The risk with the industrial railway approach is that this railway will exist for many years, in which the county governments have unlimited opportunity to dream up bizarre if not punitive regulations depending on their mood and the popularity of the railway and its customer at that point in time, and believe me, for all the griping done about the federal government in this forum, it is far less unpredictable or irrational than a county or small-town government, to say nothing of mean-spirited or greedy. You can easily imagine a situation in which the railway's home customer decided to reduce its workforce, or close out one line of business, and the county government exacts reprisal by coming up with industrial regulations that make the rest of the plant uneconomical to operate.

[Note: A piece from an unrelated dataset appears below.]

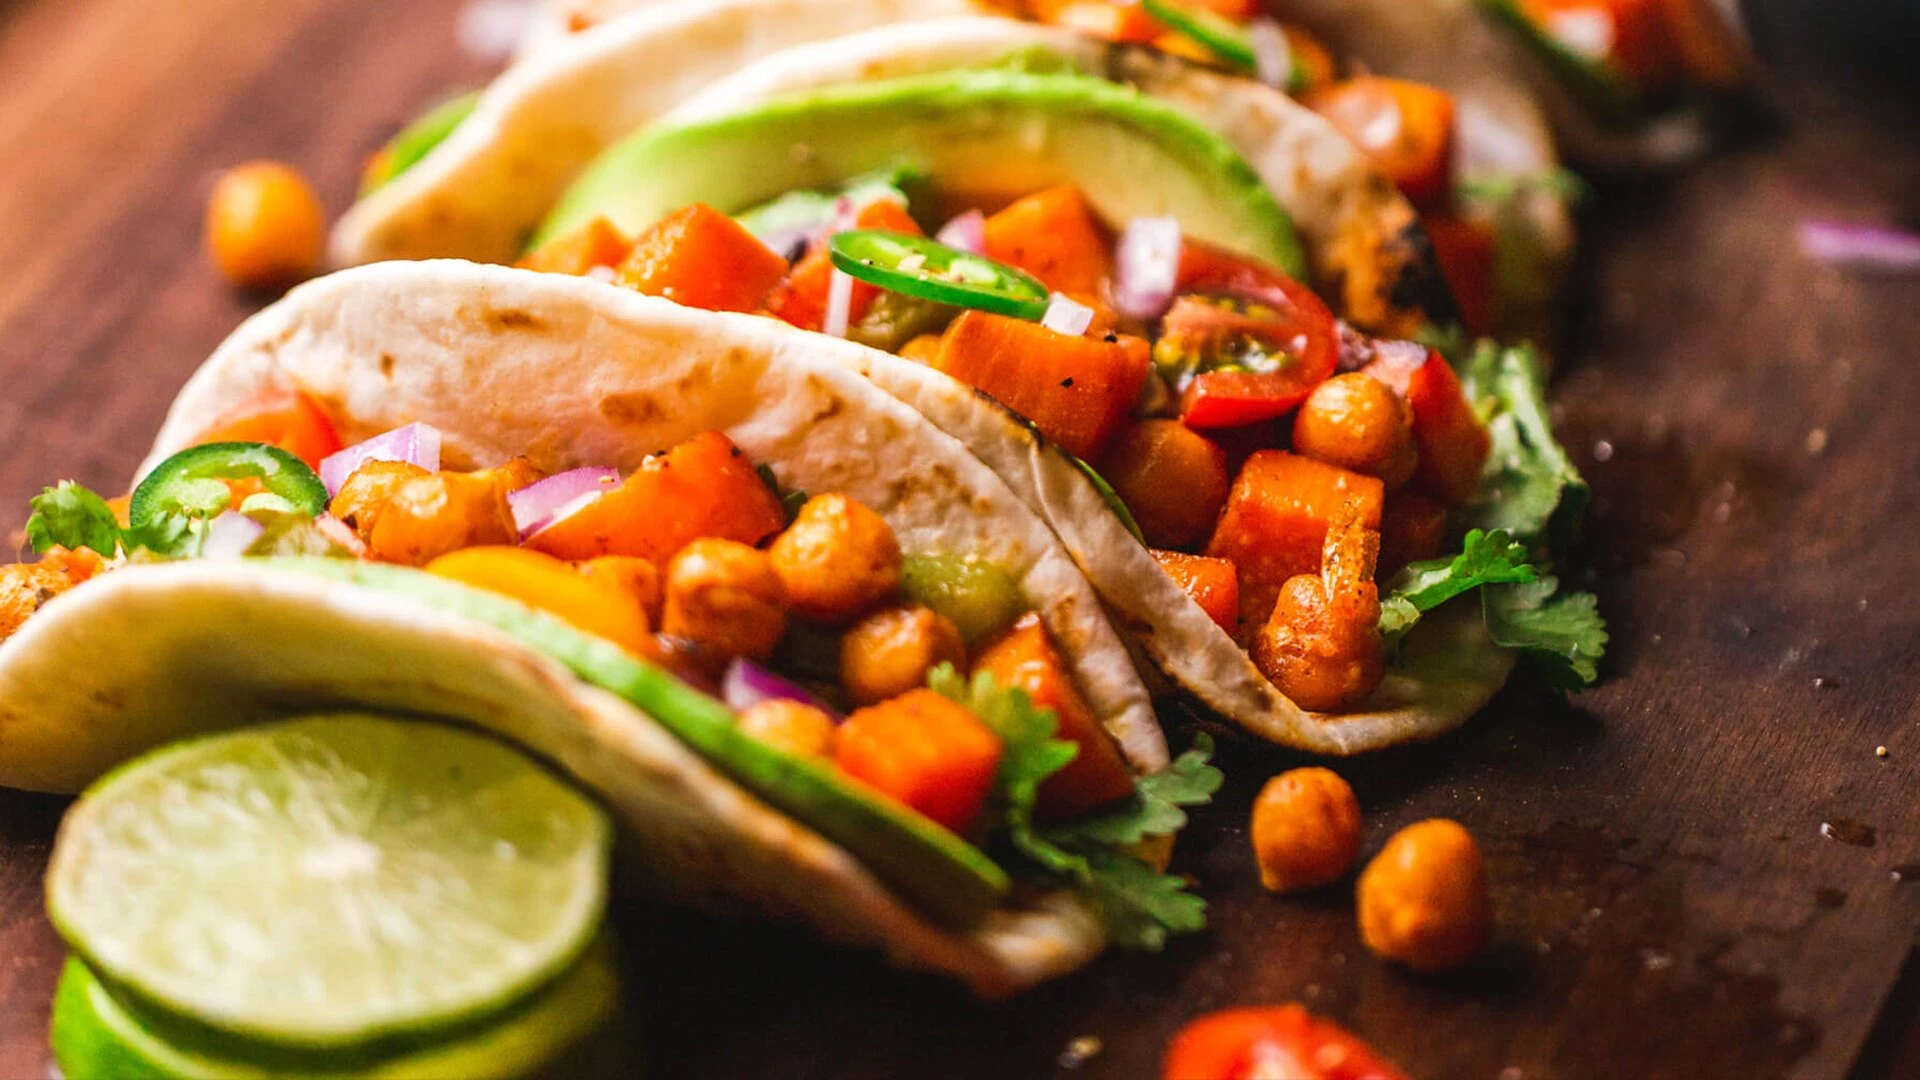 A photo of chickpea and vegetable tacos, healthy meals for seniors

Railway Man wrote: As a common-carrier it would have the obligation to serve new customers if they appeared at terms and rates similar to what it was applying to its "home" customer. The risk with the common-carrier approach is that it's conceivable a large new customer -- a competitor of the home customer! -- would argue it was not liable to share in the very large costs to build this railway since its business was all "new" and the home customer had clearly anticipated amortizing the construction costs onto itself. The new customer could wait until one minute after the home customer completed the railway and its plant, paying all-in costs, then announce plans to build its own identical plant across the street, making the same product, pay only for the operating and maintenance costs of the common-carrier railway because it was "new" business and none of the construction costs, and thus be able to price itself identically with the home customer but at a much higher profit margin. Not a pretty picture. RWM
As a common-carrier it would have the obligation to serve new customers if they appeared at terms and rates similar to what it was applying to its "home" customer.
Q. I have to charge them the same rates?
A. You could try. But you would likely lose before the STB as it would be unreasonably discriminatory to pick charge different rates for the same terms and conditions.
Q. I thought rates were private information?
A. Only if they are contract rates. Rates that are public tariffs are public. And the contract will not stay secret in a rate appeal to the STB.
You've been looking at my AMEX bill!